What is needed
The data is to be repeated exactly, with the images removed.

Provided material
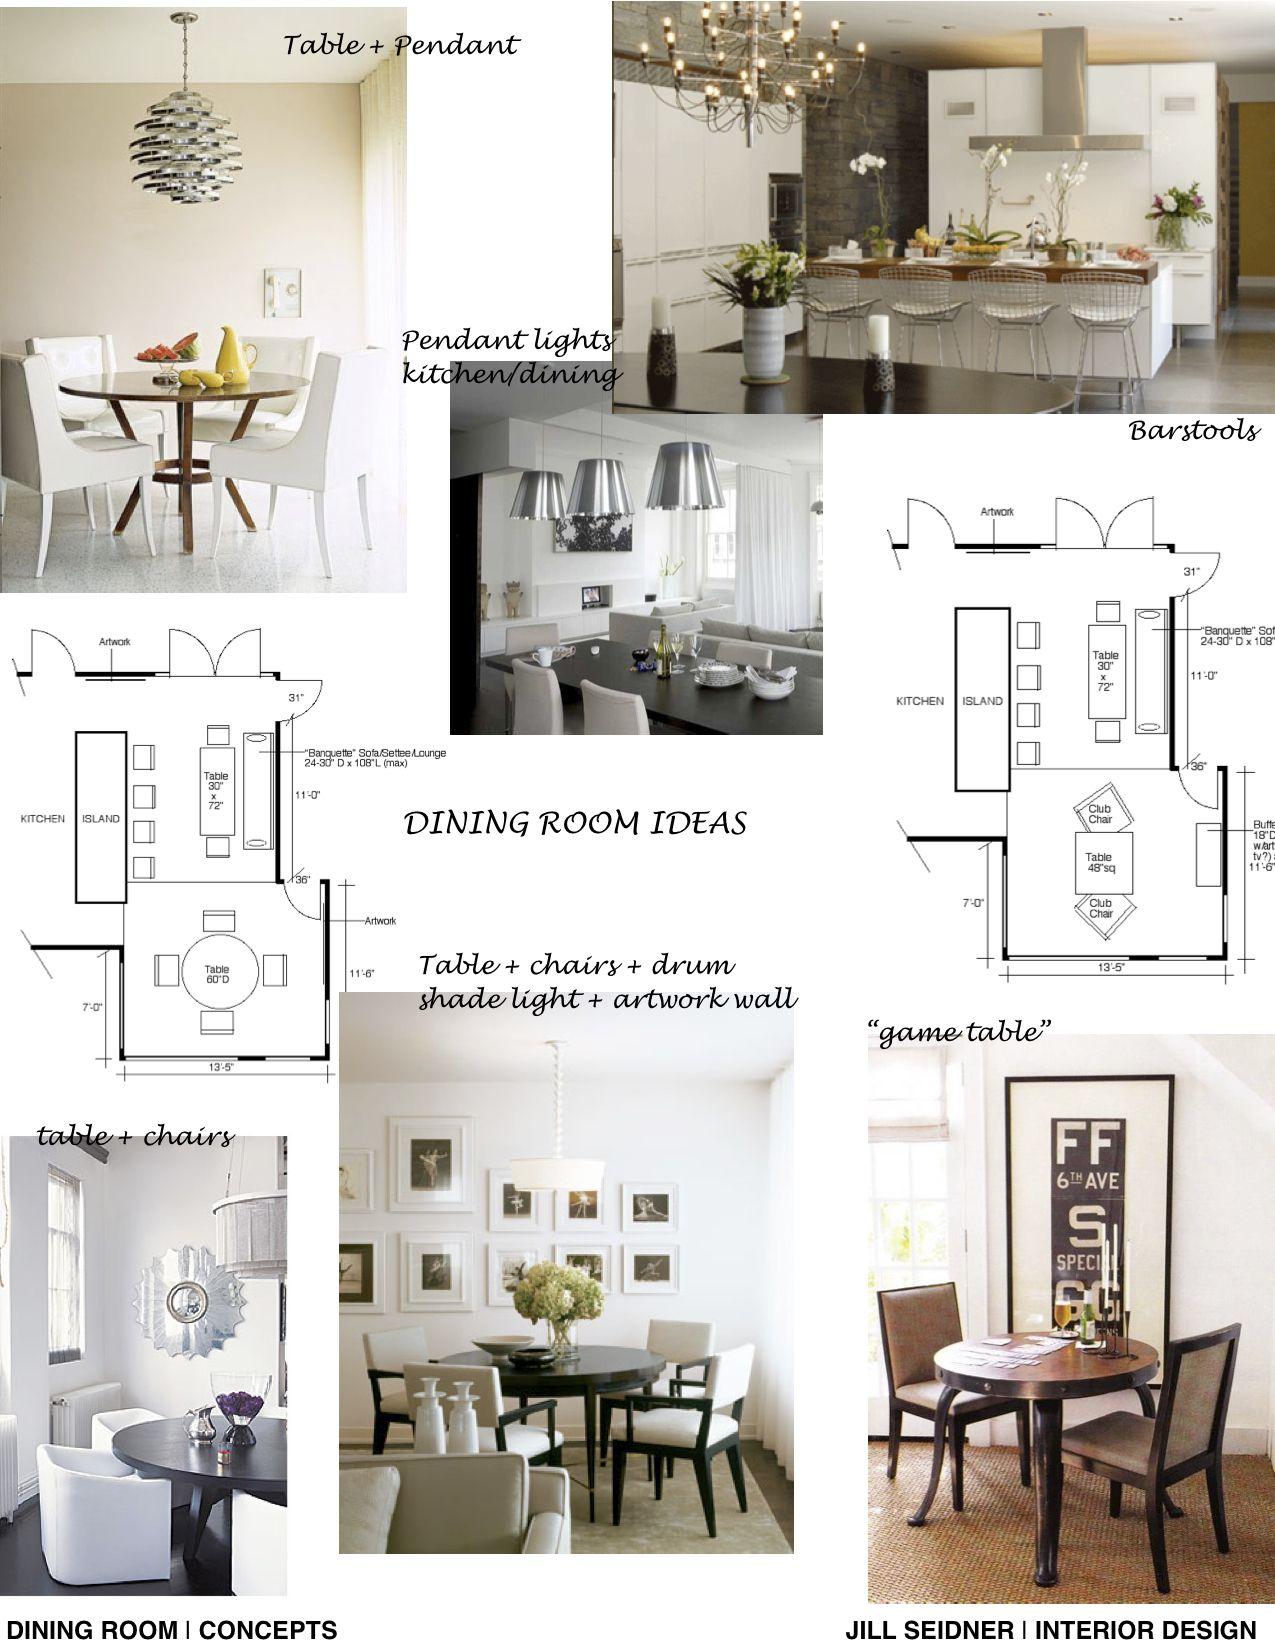 Concept Board For A Kitchen Dining Area Interior Design
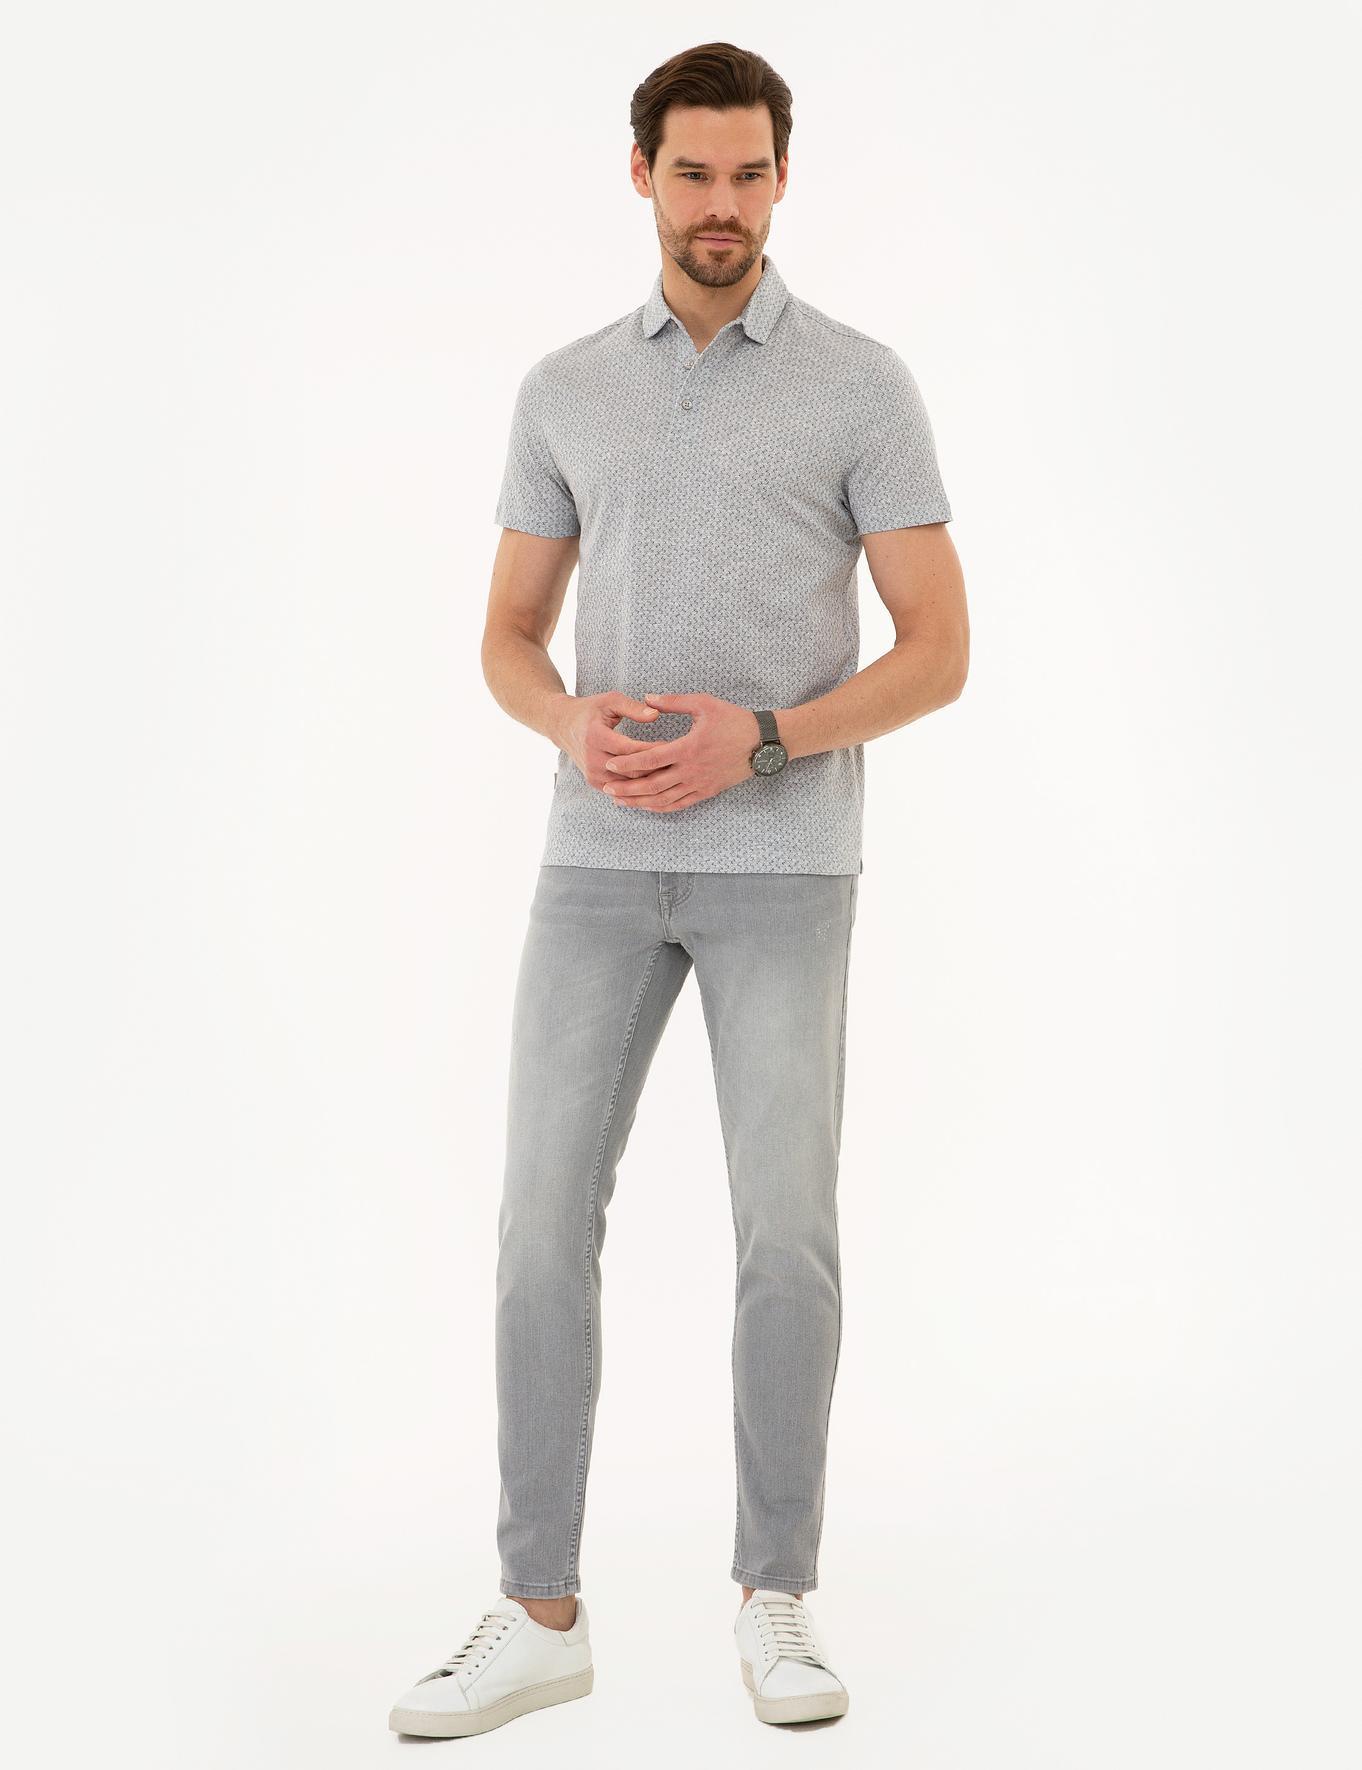 Açık Gri Slim Fit Merserize Polo Yaka T-Shirt
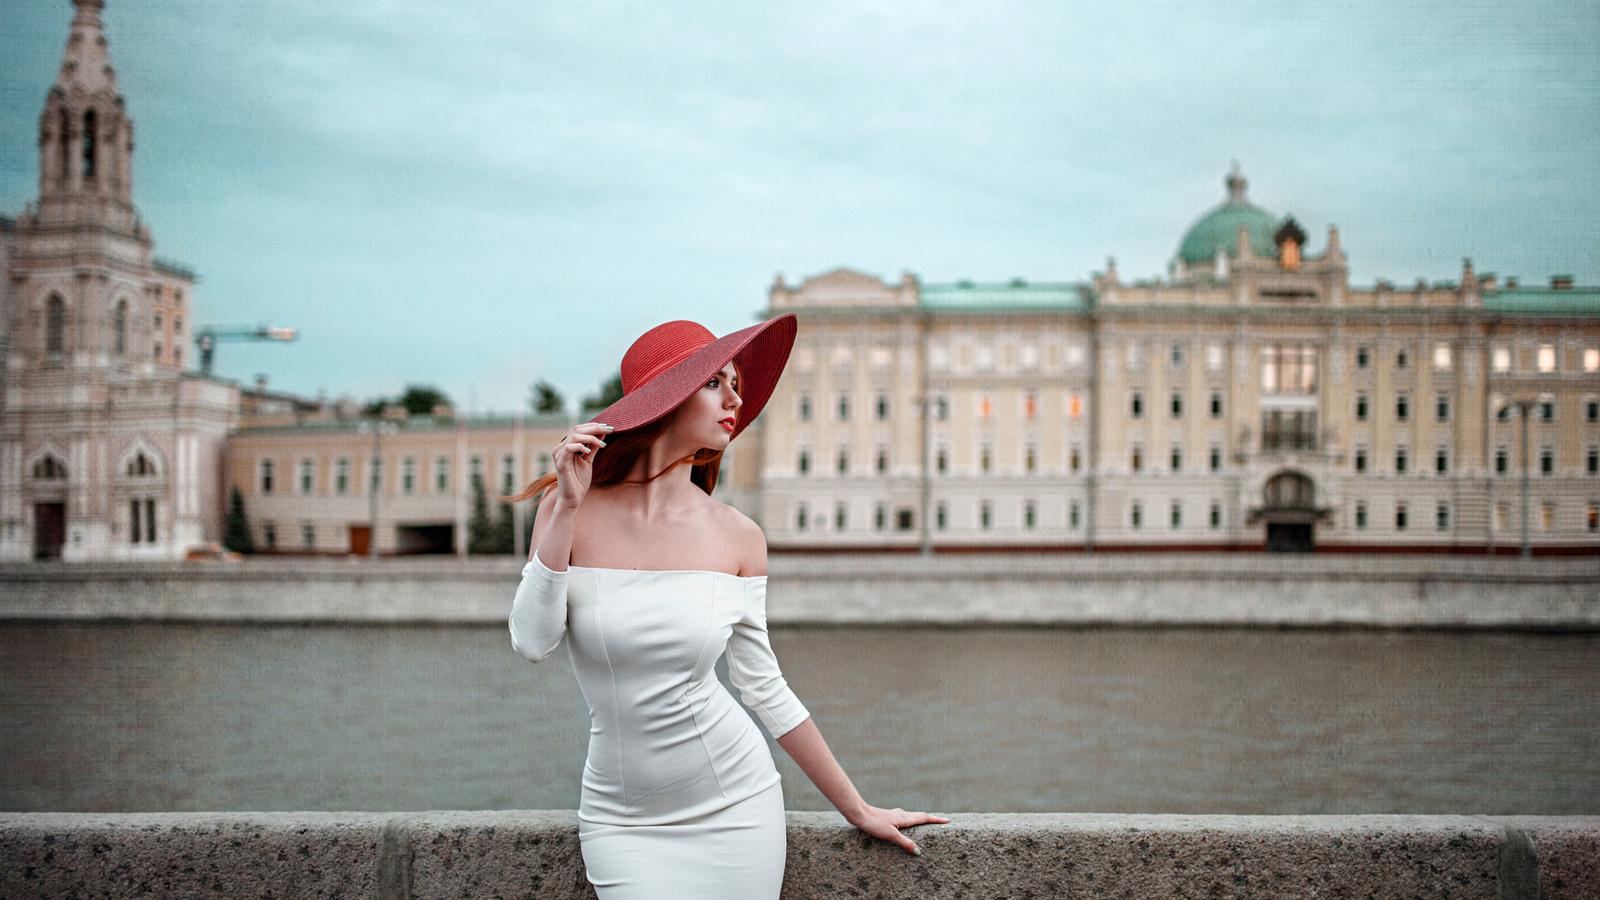 красавицы петербурга фото - 8
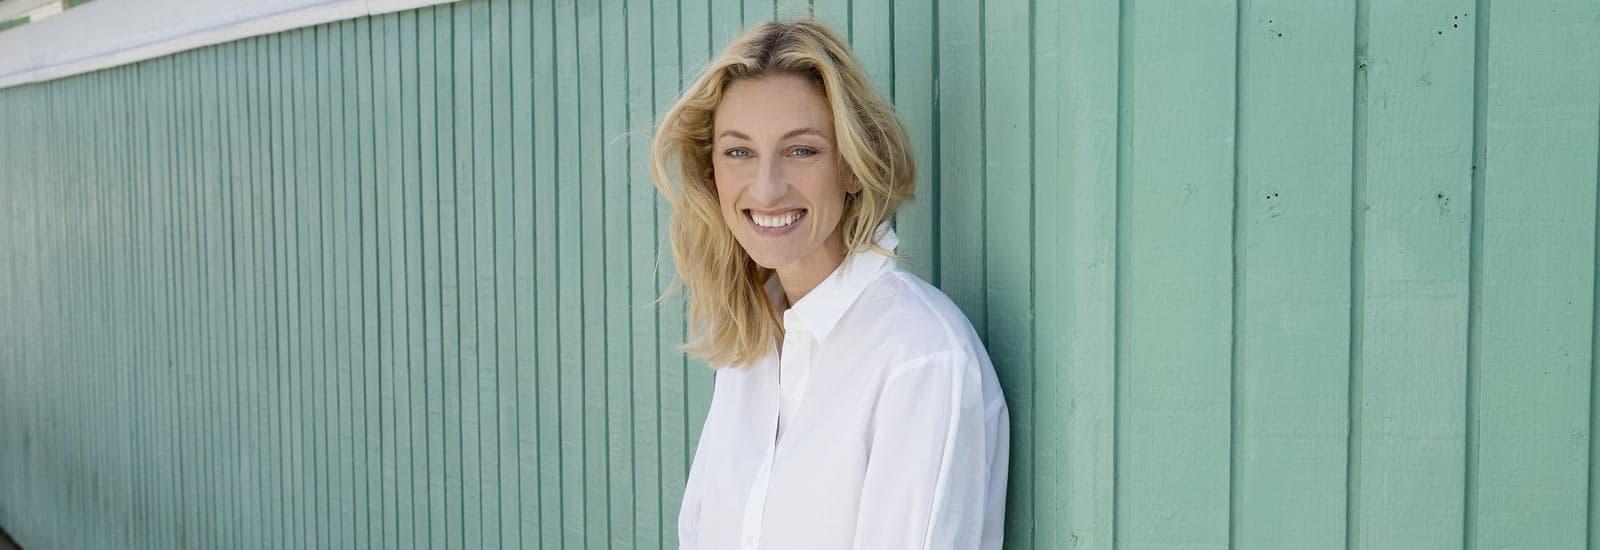 Annemette Voss foredrag

Exercise result
 Concept Board For A Kitchen Dining Area Interior Design
 Açık Gri Slim Fit Merserize Polo Yaka T-Shirt
 красавицы петербурга фото - 8
 Annemette Voss foredrag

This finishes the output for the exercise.